--- DATASET SECTION Enclosed Below ---

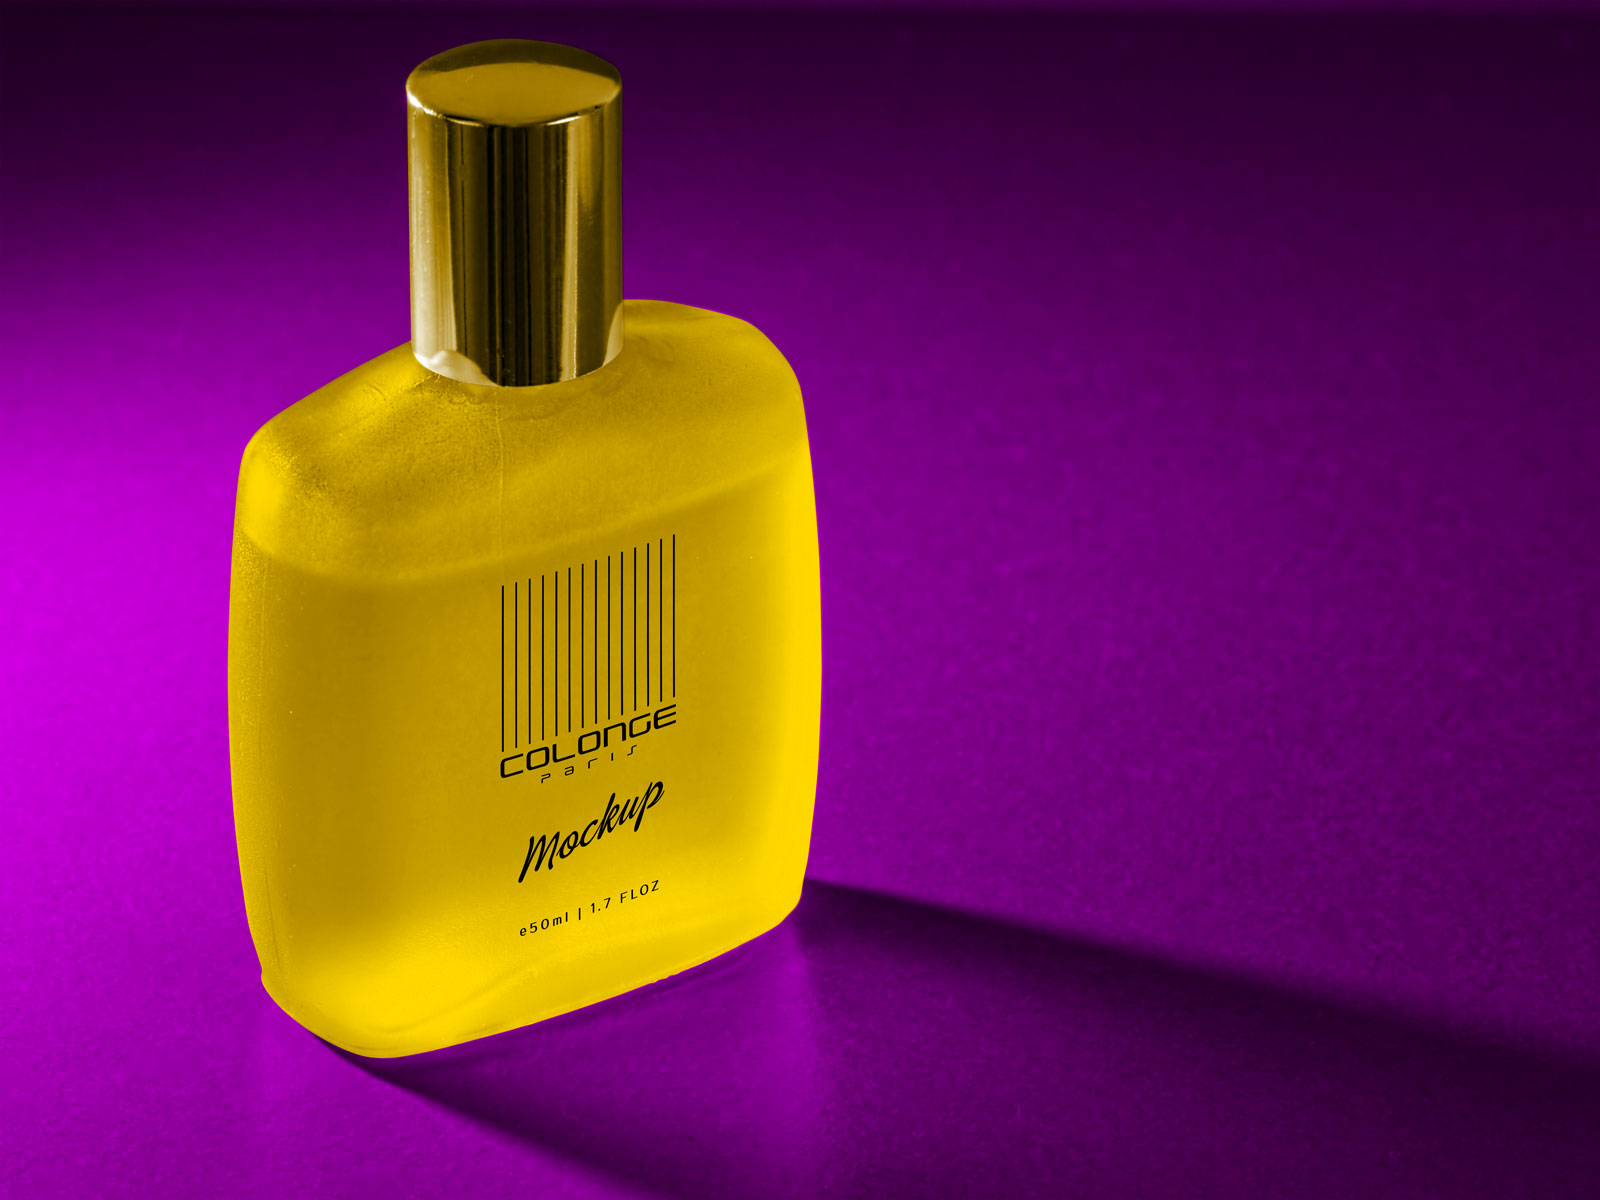 Download Free Frosted Cologne / Perfume Bottle Mockup PSD | Designbolts
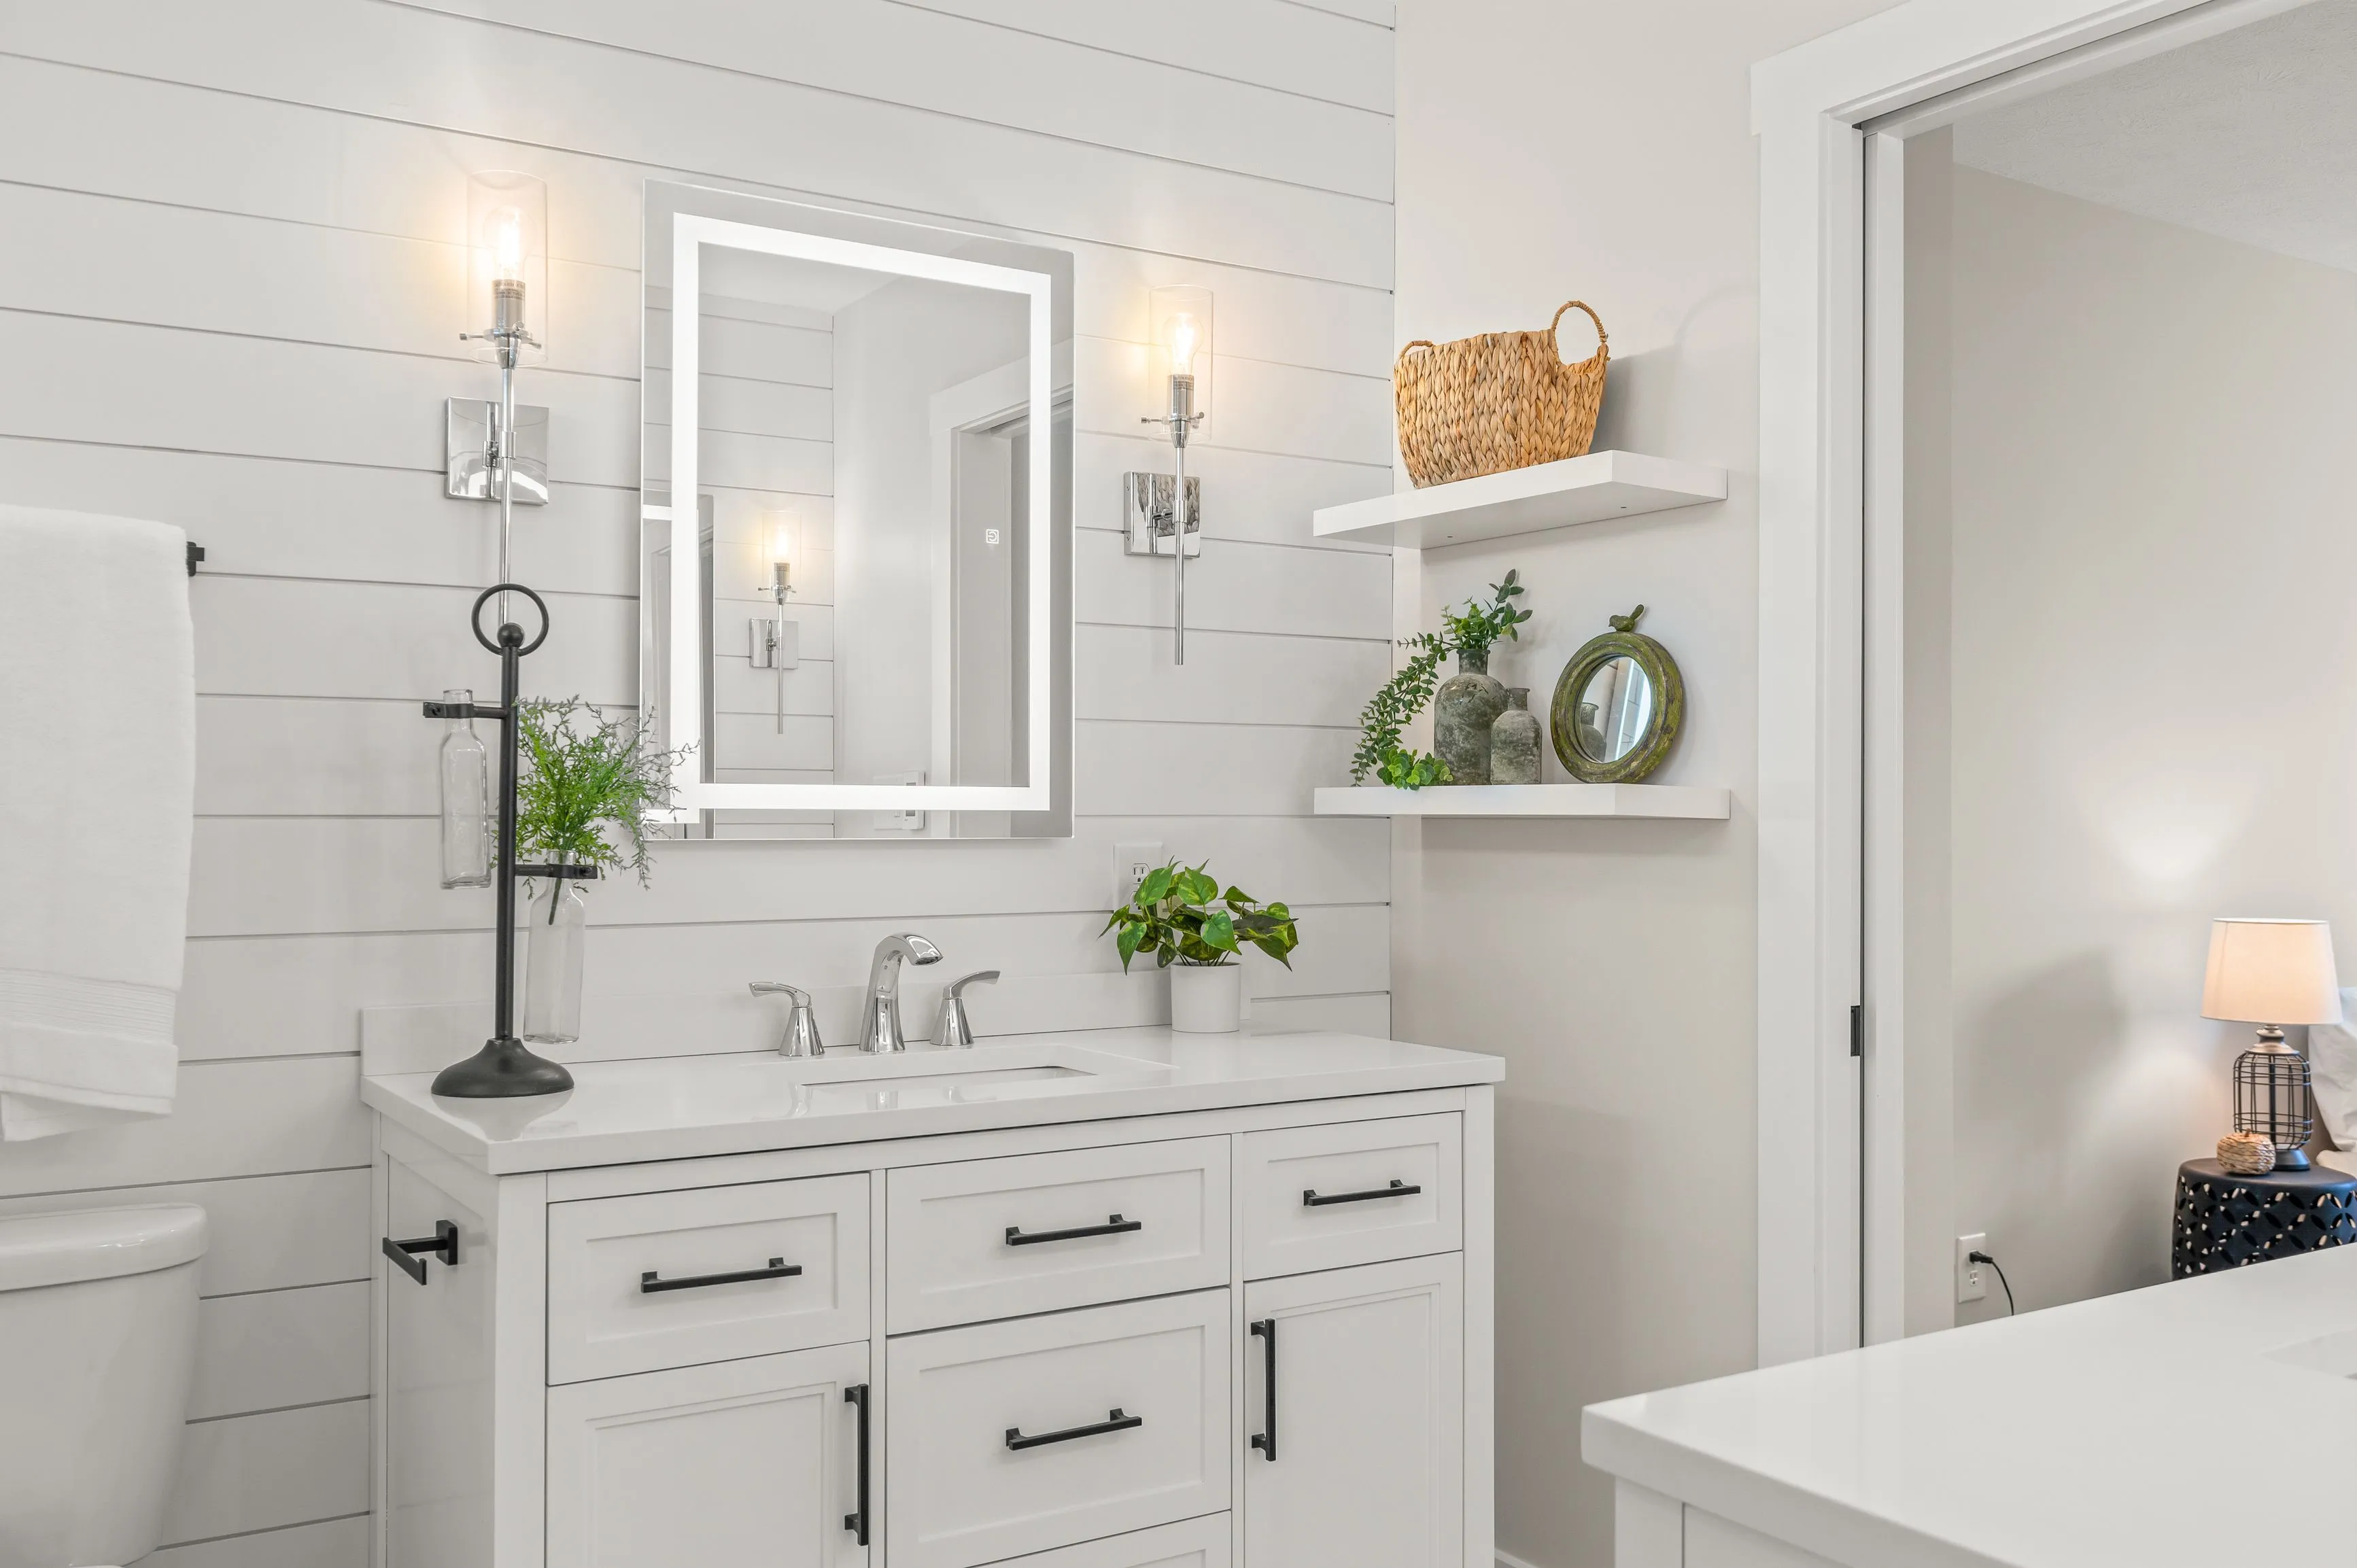 Bright modern bathroom interior with white vanity, mirror, and decorative plants.
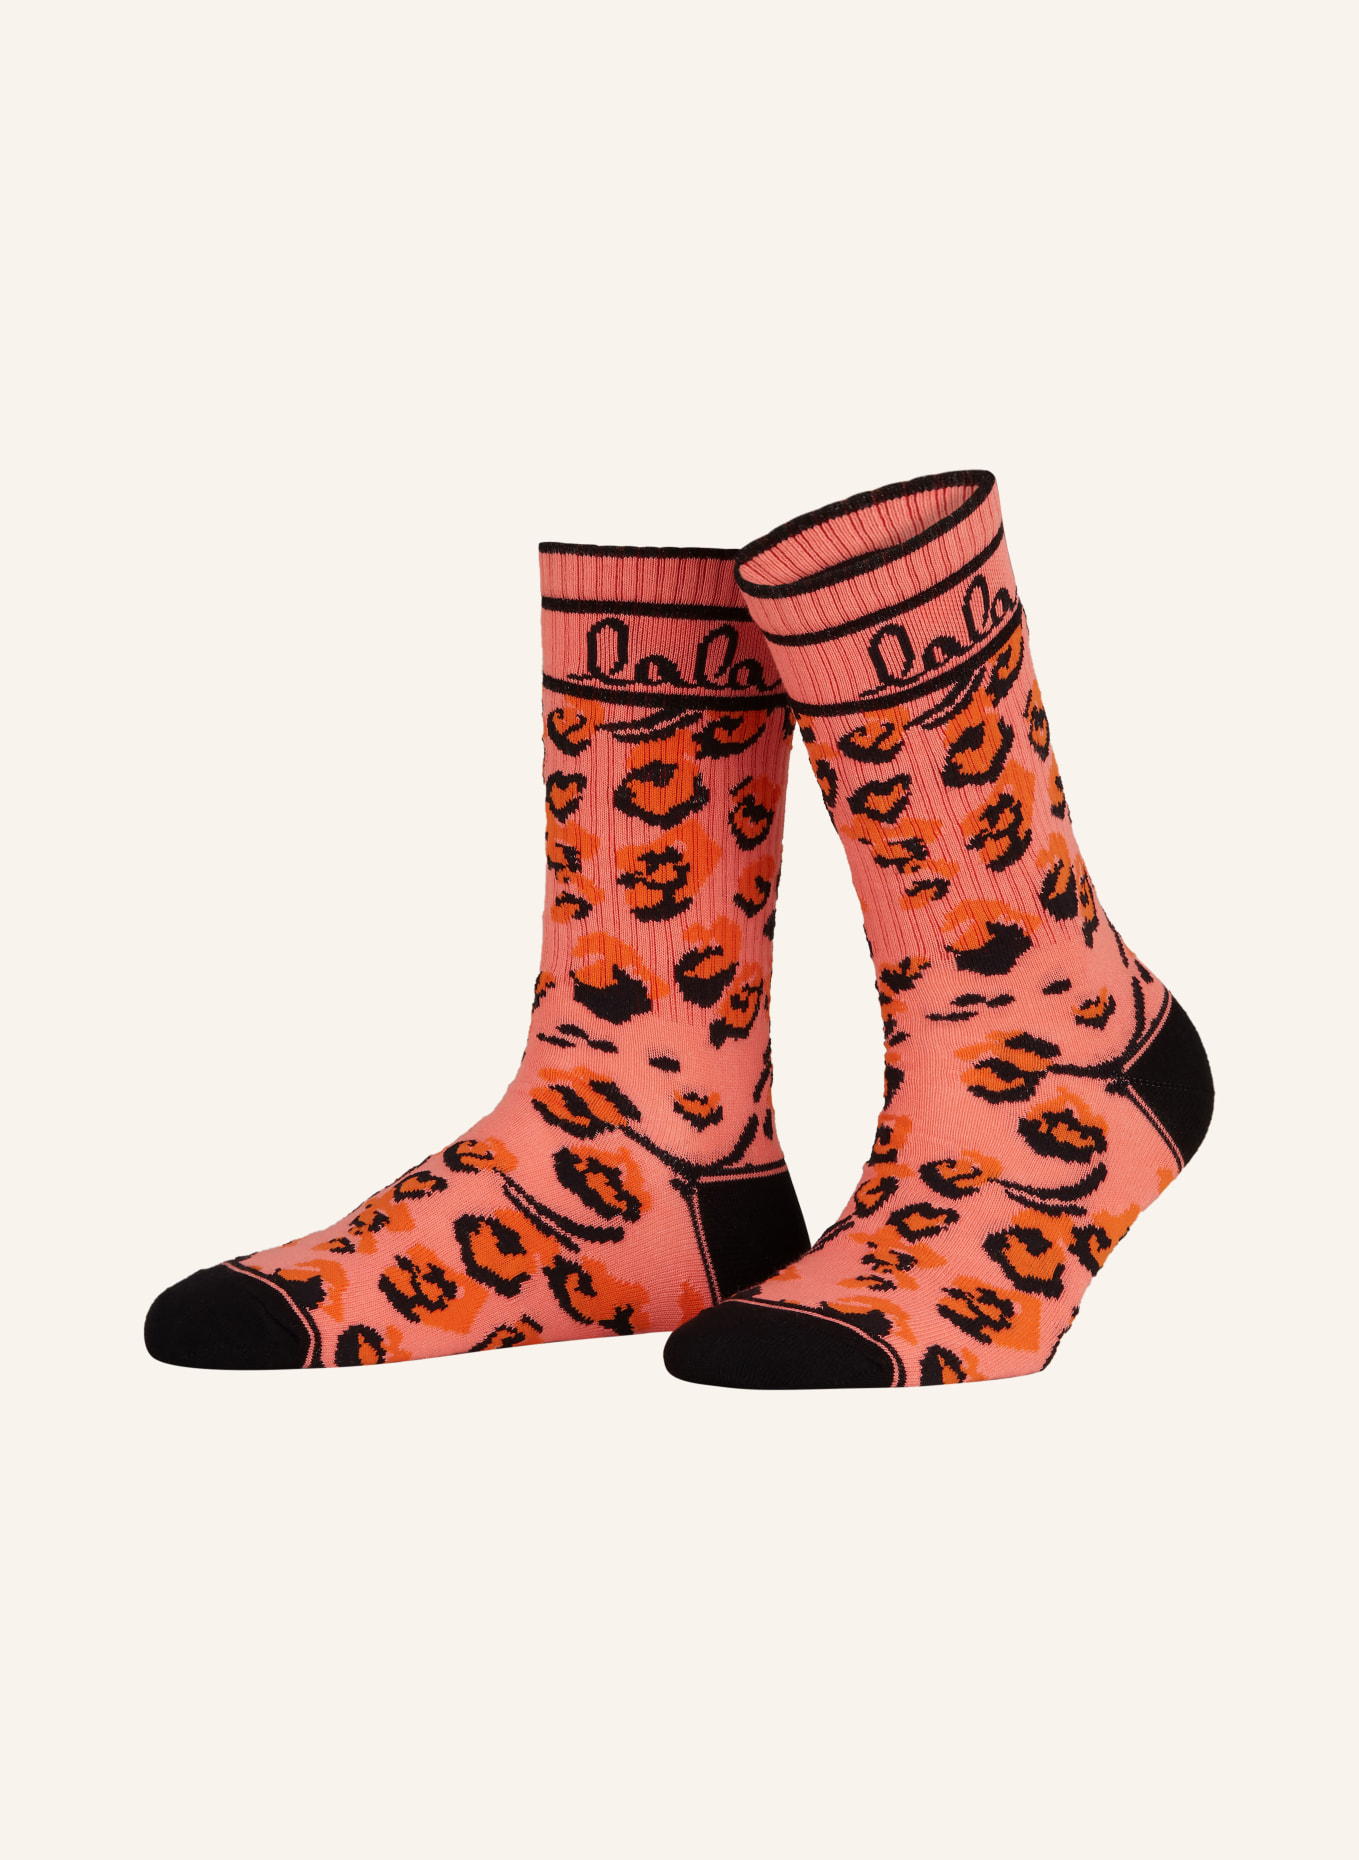 Lala Berlin Socks ANNA, Color: 66090 leo jacquard (Image 1)

--- End of Enclosed DATASET SECTION ---

• _WHAT TO WORK ON_: The task calls for duplicating the data exactly, with no images kept.

• _FINAL ANSWER_:
 Download Free Frosted Cologne / Perfume Bottle Mockup PSD | Designbolts
 Bright modern bathroom interior with white vanity, mirror, and decorative plants.
 Lala Berlin Socks ANNA, Color: 66090 leo jacquard (Image 1)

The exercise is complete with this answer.